ADVISORY AGREEMENT ACM INCOME FUND, INC. New York, New York 10105
ACM INCOME FUND, INC.
0000 Xxxxxx xx xxx Xxxxxxxx
Xxx Xxxx, Xxx Xxxx 00000
July 22, 1992, as amended December 16, 2004 and February 10, 2005
Alliance Capital Management L.P.
0000 Xxxxxx xx xxx Xxxxxxxx
Xxx Xxxx, Xxx Xxxx 00000
Dear Sirs:
We, the undersigned ACM Income Fund, Inc. herewith confirm our agreement with you as follows:
1. We are a closed-end, non-diversified management investment company registered under the Investment Company Act of 1940 (the "Act"). We are engaged in the business of investing and reinvesting our assets in securities of the type and in accordance with the limitations specified in our Articles of Incorporation, By-Laws, registration statement filed with the Securities and Exchange Commission under the Securities Act of 1933 and the Act, and any representations made in our prospectus, all in such manner and to such extent as may from time to time be authorized by our Board of Directors. We enclose copies of the documents listed above and will from time to time furnish you with any amendments thereof.
2.
(a) We hereby employ you to manage the investment and reinvestment of our assets as above specified, and, without limiting the generality of the foregoing, to provide management and other services specified below.

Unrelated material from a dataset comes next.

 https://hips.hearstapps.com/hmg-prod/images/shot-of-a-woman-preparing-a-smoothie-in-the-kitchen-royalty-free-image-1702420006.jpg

(b) You will make decisions with respect to all purchases and sales of our portfolio securities. To carry out such decisions, you are hereby authorized, as our agent and attorney-in-fact, for our account and at our risk and in our name, to place orders for the investment and reinvestment of our assets. In all purchases, sales and other transactions in our portfolio securities you are authorized to exercise full discretion and act for us in the same manner and with the same force and effect as we might or could do with respect to such purchases, sales or other transactions, as well as with respect to all other things necessary or incidental to the furtherance or conduct of such purchases, sales or other transactions.

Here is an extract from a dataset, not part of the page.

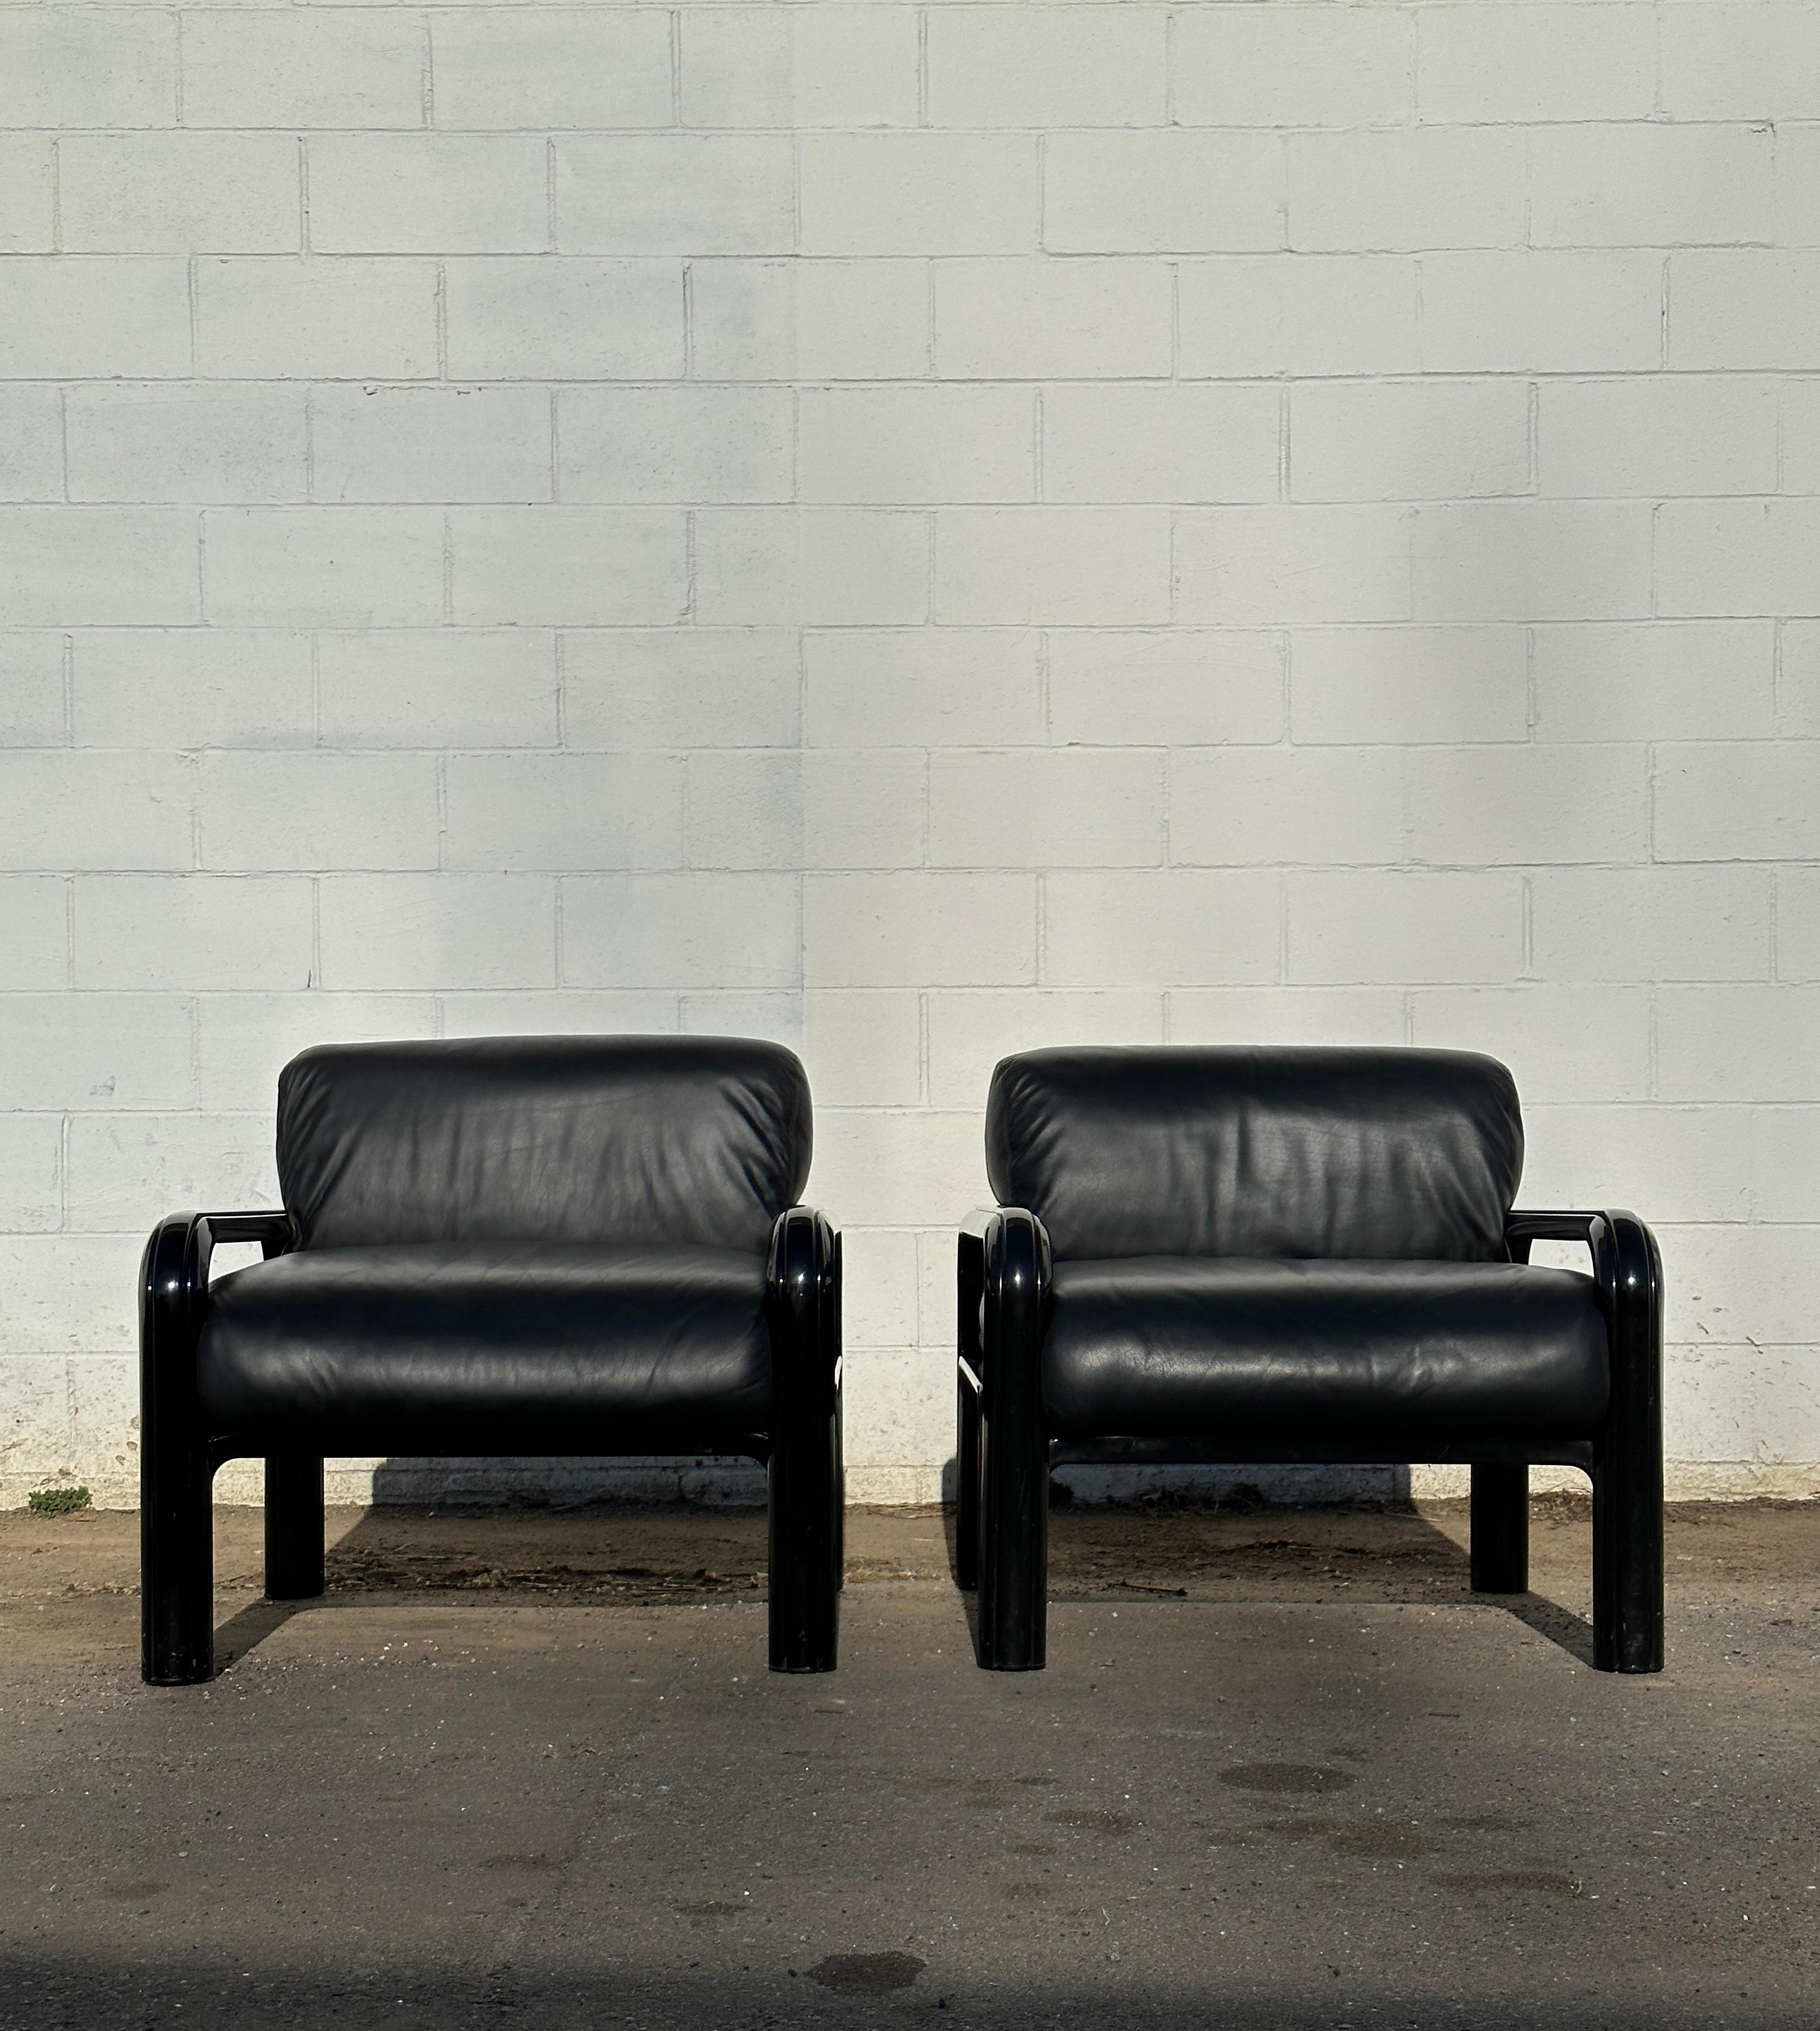 Pair of Gae Aulenti Black Leather Lounge Chairs for Knoll, Marked 2

(c) You will report to our Board of Directors at each meeting thereof all changes in our portfolio since the prior report, and will also keep us in touch with important developments affecting our portfolio and on your own initiative will furnish us from time to time with such information as you may believe appropriate for this purpose, whether concerning the individual issuers whose securities are included in our portfolio, the industries in which they engage, or the conditions prevailing in the economy generally. You will also furnish us with such statistical and analytical information with respect to our portfolio securities as you may believe appropriate or as we reasonably may request. In making such purchases and sales of our portfolio securities, you will bear in mind the policies set from time to time by our Board of Directors as well as the limitations imposed by our Articles of Incorporation and in our Registration Statement under the Act and the Securities Act of 1933, and the limitations in the Act and of the Internal Revenue Code of 1986 in respect of regulated investment companies.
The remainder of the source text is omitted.